Crumbling Foxconn Project Has So Far Failed To Keep Its Promises To Wisconsinites
When Foxconn first announced its plan to open a huge, LCD factory near Racine, the project promised to be one of the biggest deals in Wisconsin history. Foxconn and Wisconsin’s Republican leadership claimed it would create 13,000 jobs and generate billions in revenue. And that was key since the deal also meant that Foxconn would be getting $3 billion in subsidies, making it the largest government handout to a foreign company in U.S. history.
Two years later, little has materialized. Despite claims by Foxconn, the company hasn’t built an LCD factory and what they have created is a building one-twentieth the size of the initial plan. A state report recently revealed by The Verge shows there is no LCD factory and it seems very unlikely there will ever be one on the site where eminent domain forced residents to leave their homes. The few jobs that were created are far less than the thousands promised by this time, and many of those employed aren’t entirely sure what they were hired to do.
"The state really entered into this deal, started building infrastructure, started relocating people — in preparation for a factory that never seemed that likely to appear.

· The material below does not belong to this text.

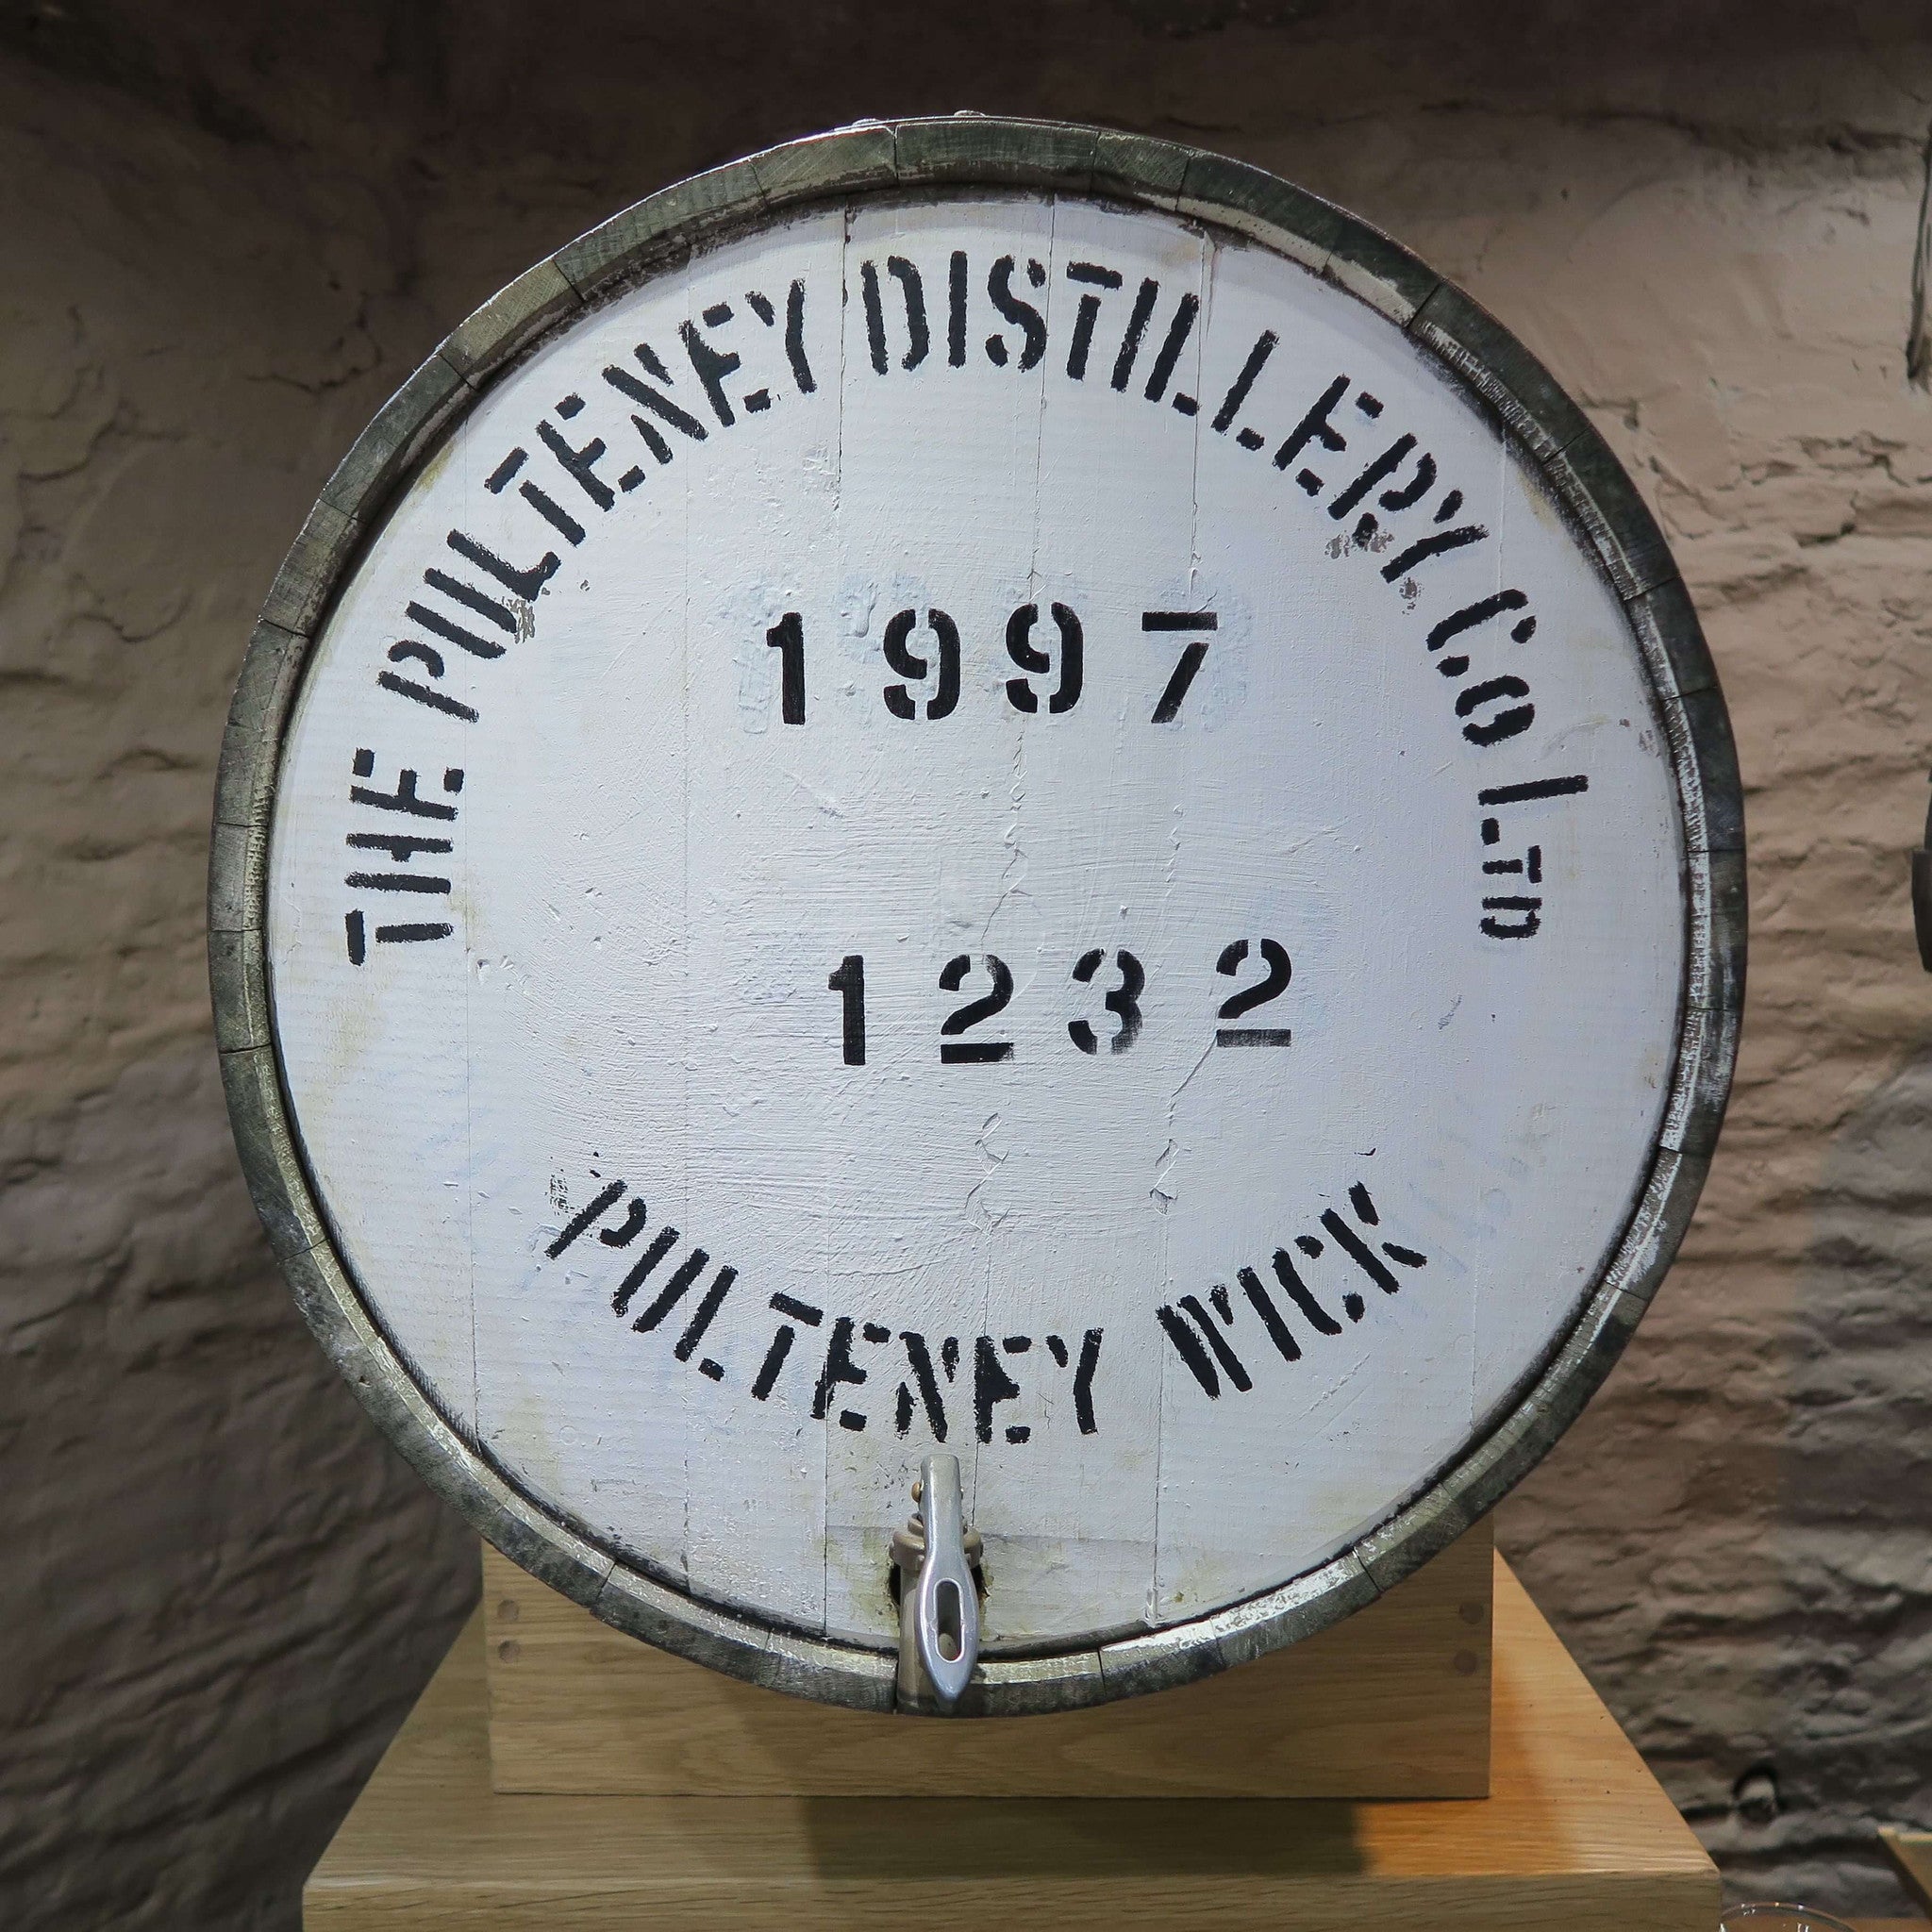 Whisky Distillery Tour - The Pulteney Distillery

And then [the government continued] doing that, even after Foxconn started publicly wavering in its plans," says Josh Dzieza, investigations editor and the feature writer who has been reporting on Foxconn for The Verge.

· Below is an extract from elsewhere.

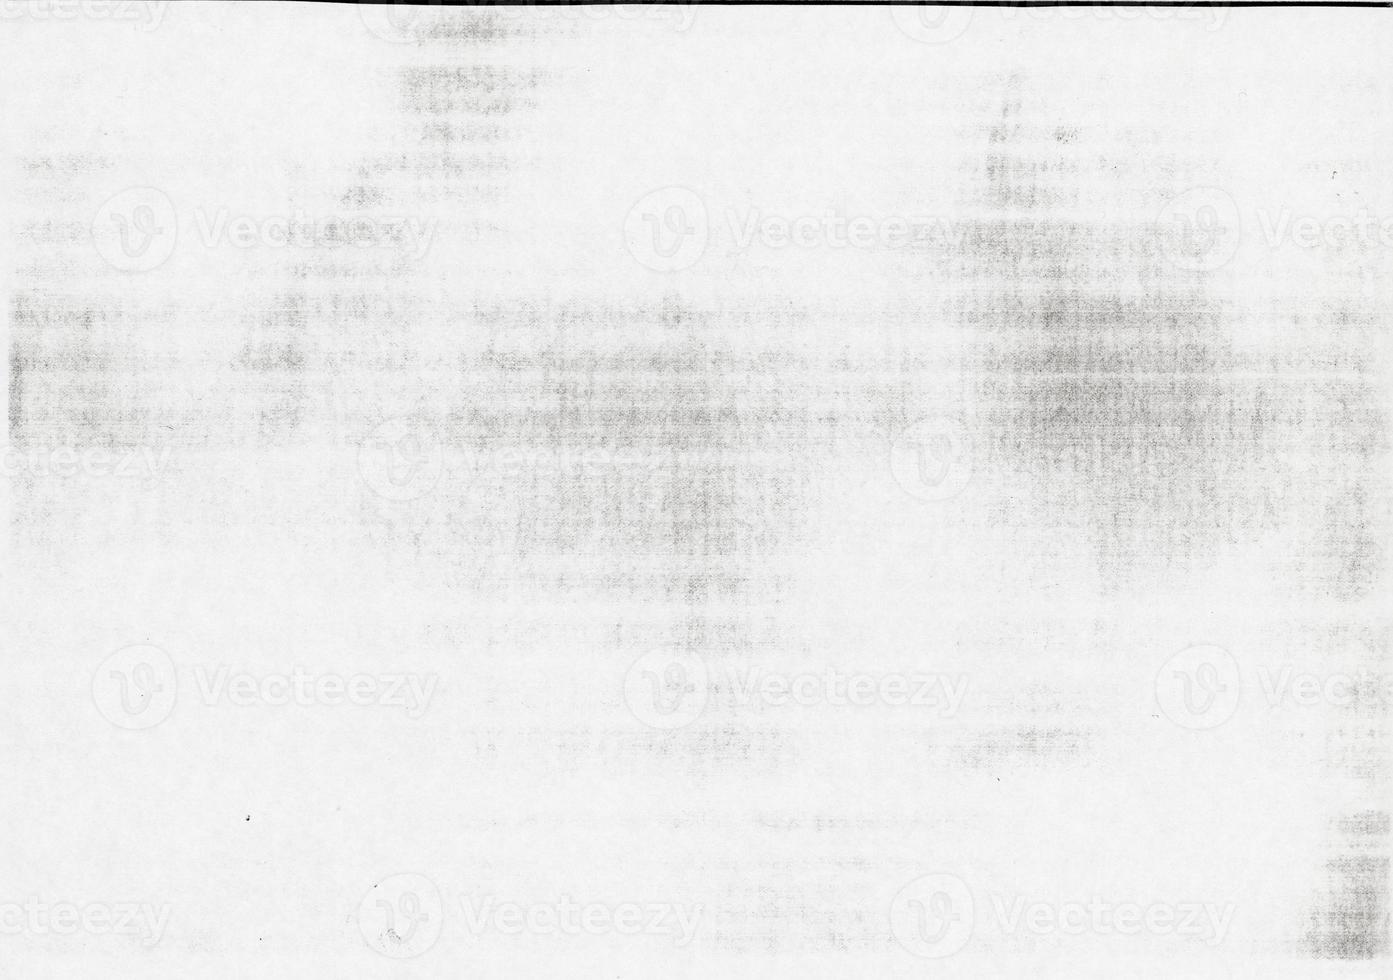 grunge dirty photocopy gray paper texture background photo

"It doesn't seem like anyone involved in this deal at the outset seriously examined the likelihood Foxconn would do what it was promising."
Dzieza says that his conservative estimate found the state has already spent $400 million on the deal, largely through infrastructure spending to create roads, sewage systems, and other infrastructure needs to accommodate the thousands of employees who were expected to work at Foxconn.
Although Foxconn has constructed some buildings in the area near Racine where the plant was meant to be, Dzieza says none of them are large enough to accommodate the kind of factory Foxconn had promised. It remains unclear how exactly these buildings will be used and Dzieza found through his reporting that the company itself may be unsure of how they intend to use them.
"It is not on its way to becoming an LCD factory, and in fact, a state document that I got through a records request says it is not — by any conventional understanding — it is not a Gen 6 LCD facility. They have not ordered the equipment they would need to make LCDs — it would be the smallest such facility in the world. It says it's more like a display building," Dzieza explains.
Foxconn has continued to waver on its plans in Wisconsin, but it's clear it hasn't followed through with many of its promises. In fact, Dzieza says that from the beginning of the deal, it seems like many of the promises were politically motivated and meant to bolster support for Republican politicians.
"It doesn't seem like anyone involved in this deal at the outset seriously examined the likelihood Foxconn would do what it was promising," says Dzieza. "If you talk to industry experts, they'll tell you that a glut in the LCD industry was foreseeable at the time, that major suppliers would have to co-locate with Foxconn to make this giant factory a reality. There were real red flags at the beginning about the likelihood that Foxconn would build this thing."